Substitute ${10}^{-5}+j\left(6\times {10}^{-4}\right)$ for $y_{11}$, $-j\left(1\times {10}^{-4}\right)$ for $y_{12}$, $0.01-j\left(1\times {10}^{-4}\right)$ for $y_{21}$ and $\left(1\times {10}^{-4}\right)+j\left(1\times {10}^{-4}\right)$ for $y_{22}$ in above equation.

$\begin{array}{c}{V}_1=\frac{\left|\begin{array}{cc}{10}^{-5}+j\left(6\times {10}^{-4}\right)& I_1\\ 0.01-j\left(1\times {10}^{-4}\right)I_2& I_2\end{array}\right|}{\left|\begin{array}{cc}{10}^{-5}+j\left(6\times {10}^{-4}\right)& -j\left(1\times {10}^{-4}\right)\\ 0.01-j\left(1\times {10}^{-4}\right)& \left(1\times {10}^{-4}\right)+j\left(1\times {10}^{-4}\right)\end{array}\right|}\\ =\frac{{10}^{-5}+j\left(6\times {10}^{-4}\right)I_2-\left(0.01-j\left(1\times {10}^{-4}\right)\right)I_1}{\left(-5.9\times {10}^{-8}+j6.1\times {10}^{-8}\right)-\left(-1\times {10}^{-8}-j{10}^{-6}\right)}\\ =\frac{\left({10}^{-5}+j\left(6\times {10}^{-4}\right)\right)I_2-\left(0.01-j\left(1\times {10}^{-4}\right)\right)I_1}{-\left(4.9\times {10}^{-8}\right)+j\left(1.061\times {10}^{-6}\right)}\\ =\frac{6\times {10}^{-4}\angle 89.04°I_2+0.01\angle -0.57°I_1}{1.062\times {10}^{-6}\angle 92.64°}\end{array}$

$V_2=\left(527.27+j9401.42\right)I_1+\left(563.86-j35.47\right)I_2$        (8)

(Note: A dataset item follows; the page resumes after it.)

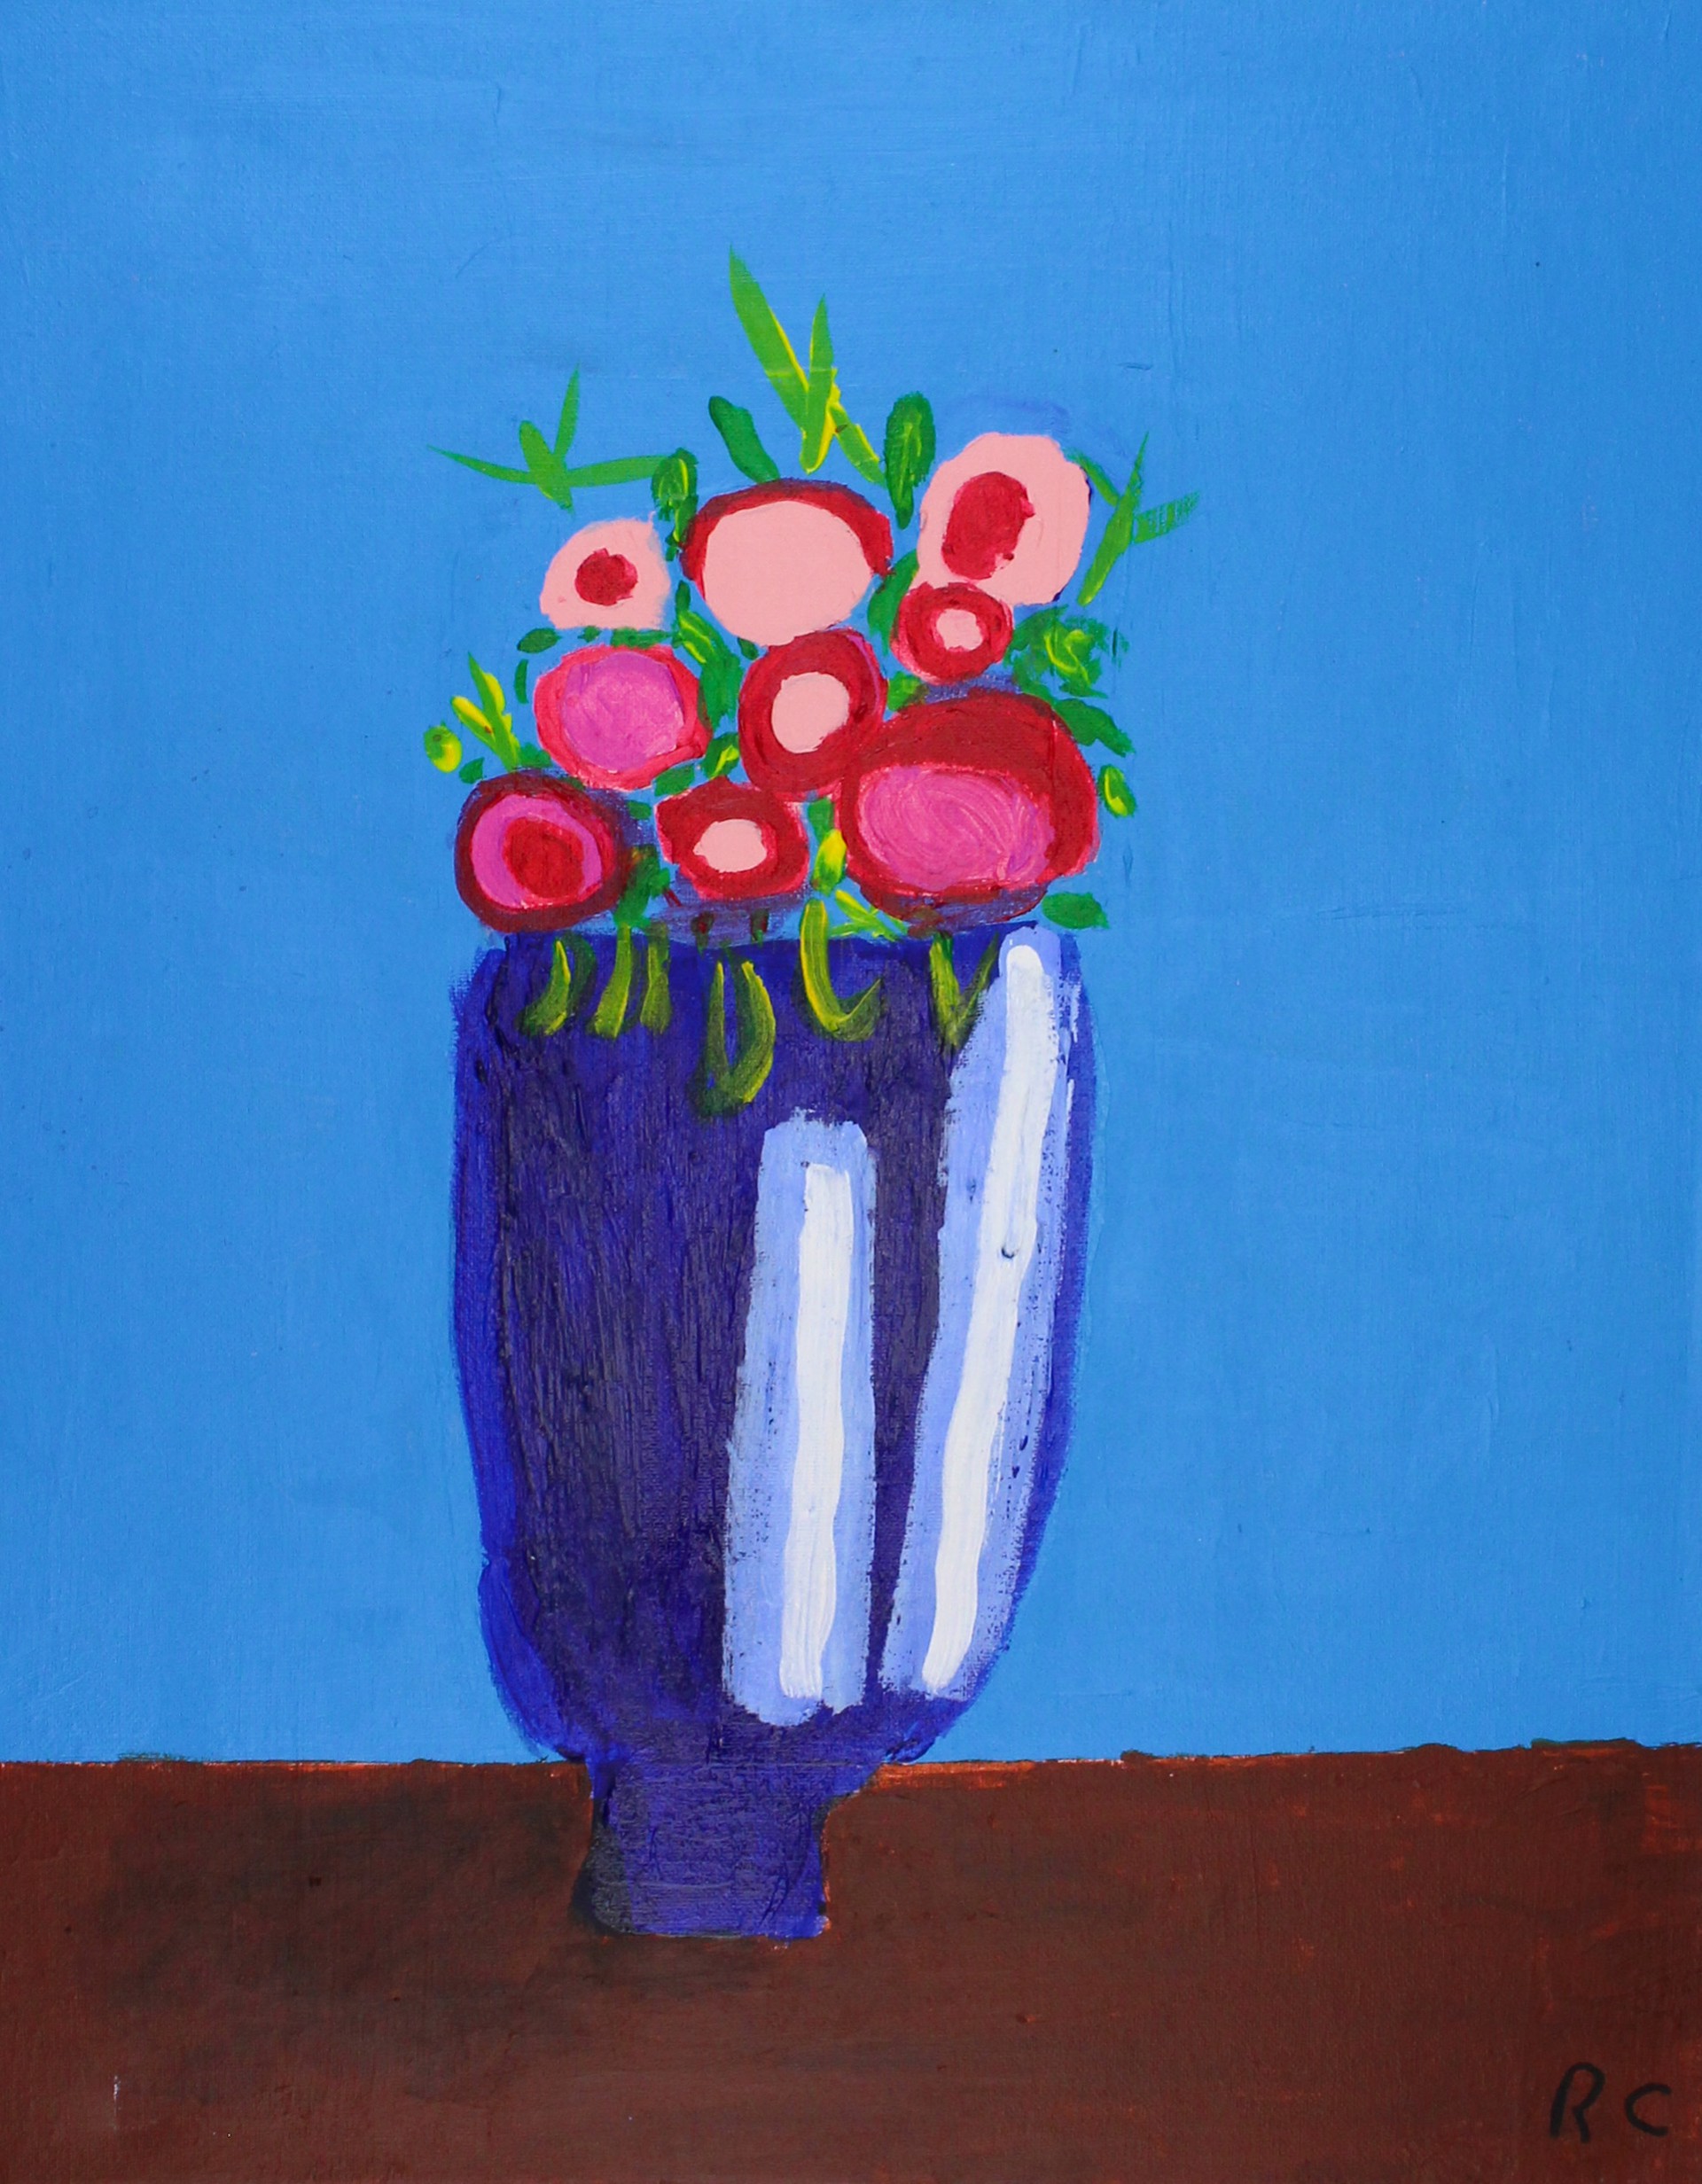 Summer Flowers in a Vase by Robert Corcoran

The standard equation for impedance parameter are,

$V_1=z_{11}{I}_1+z_{12}{I}_2$        (9)

$V_2=z_{21}{I}_1+z_{22}{I}_2$        (10)

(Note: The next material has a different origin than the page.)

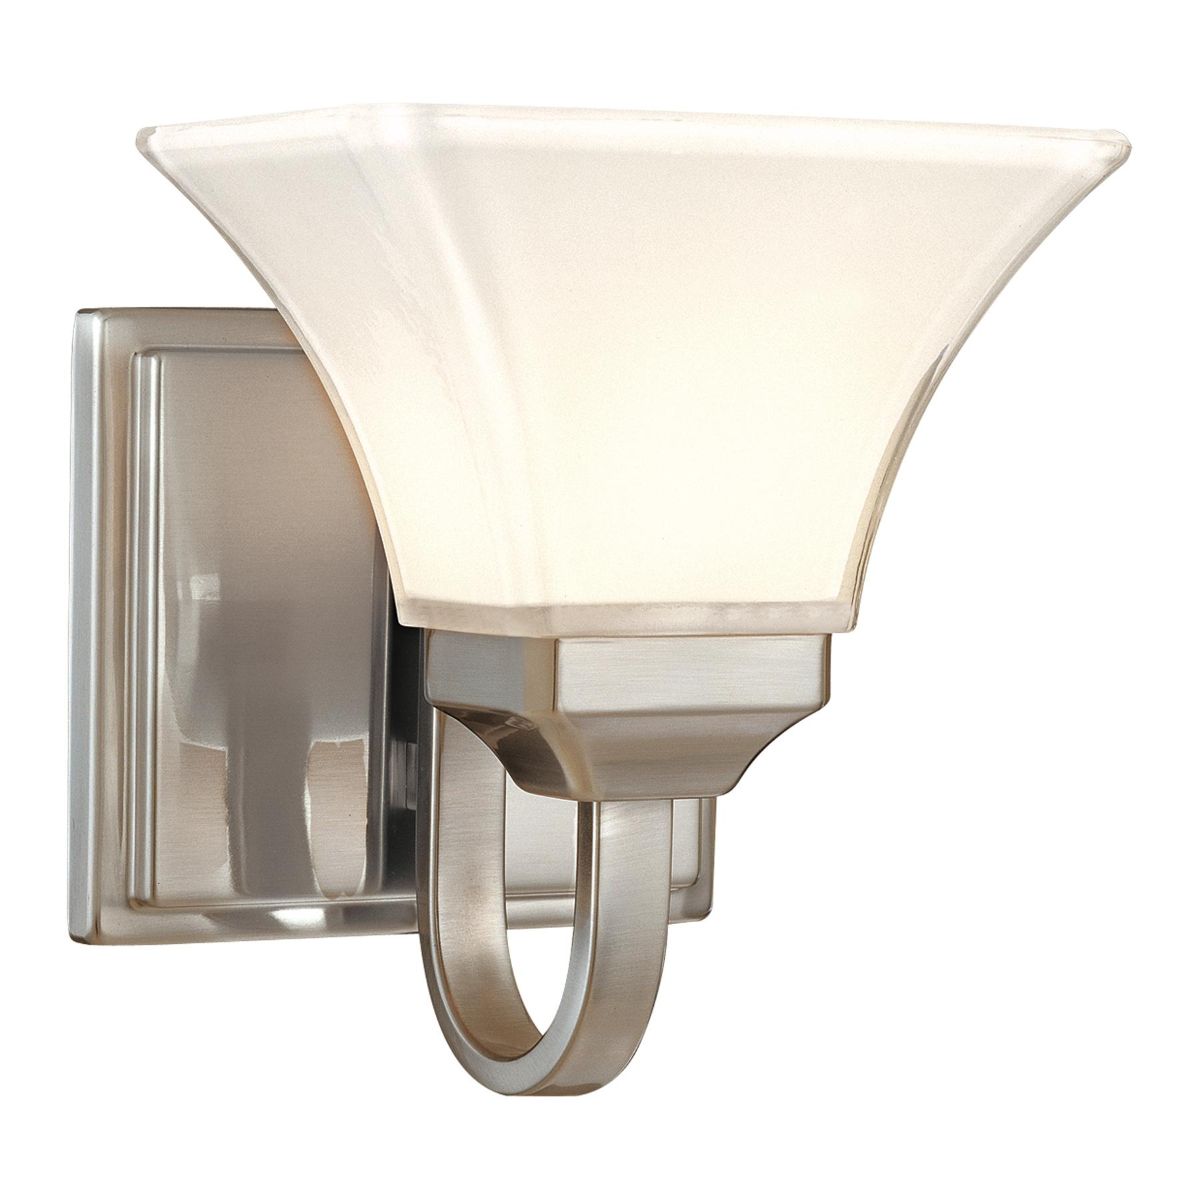 Agilis 9 in. Wall Sconce

Compare equation (7) with equation (9).

$z_{11}=\left(89.71-j98.38\right)\text{Ω}$

$z_{12}=\left(94.06-j4.34\right)\text{Ω}$

Compare equation (8) with equation (10).

$z_{21}=\left(527.27+j9401.42\right)\text{Ω}$

$z_{22}=\left(563.86-j35.47\right)\text{Ω}$

The $z$ matrix can be written as,

$\begin{array}{c}z=\left[\begin{array}{cc}\left(89.71-j98.38\right)\text{Ω}& \left(94.06-j4.34\right)\text{Ω}\\ \left(527.27+j9401.42\right)\text{Ω}& \left(563.86-j35.47\right)\text{Ω}\end{array}\right]\\ =\left[\begin{array}{cc}\left(89.71-j98.38\right)& \left(94.06-j4.34\right)\\ \left(527.27+j9401.42\right)& \left(563.86-j35.47\right)\end{array}\right]\text{Ω}\end{array}$

Conclusion:

Therefore, the required $z$ parameters is $z=\left[\begin{array}{cc}\left(89.71-j98.38\right)& \left(94.06-j4.34\right)\\ \left(527.27+j9401.42\right)& \left(563.86-j35.47\right)\end{array}\right]\text{Ω}$.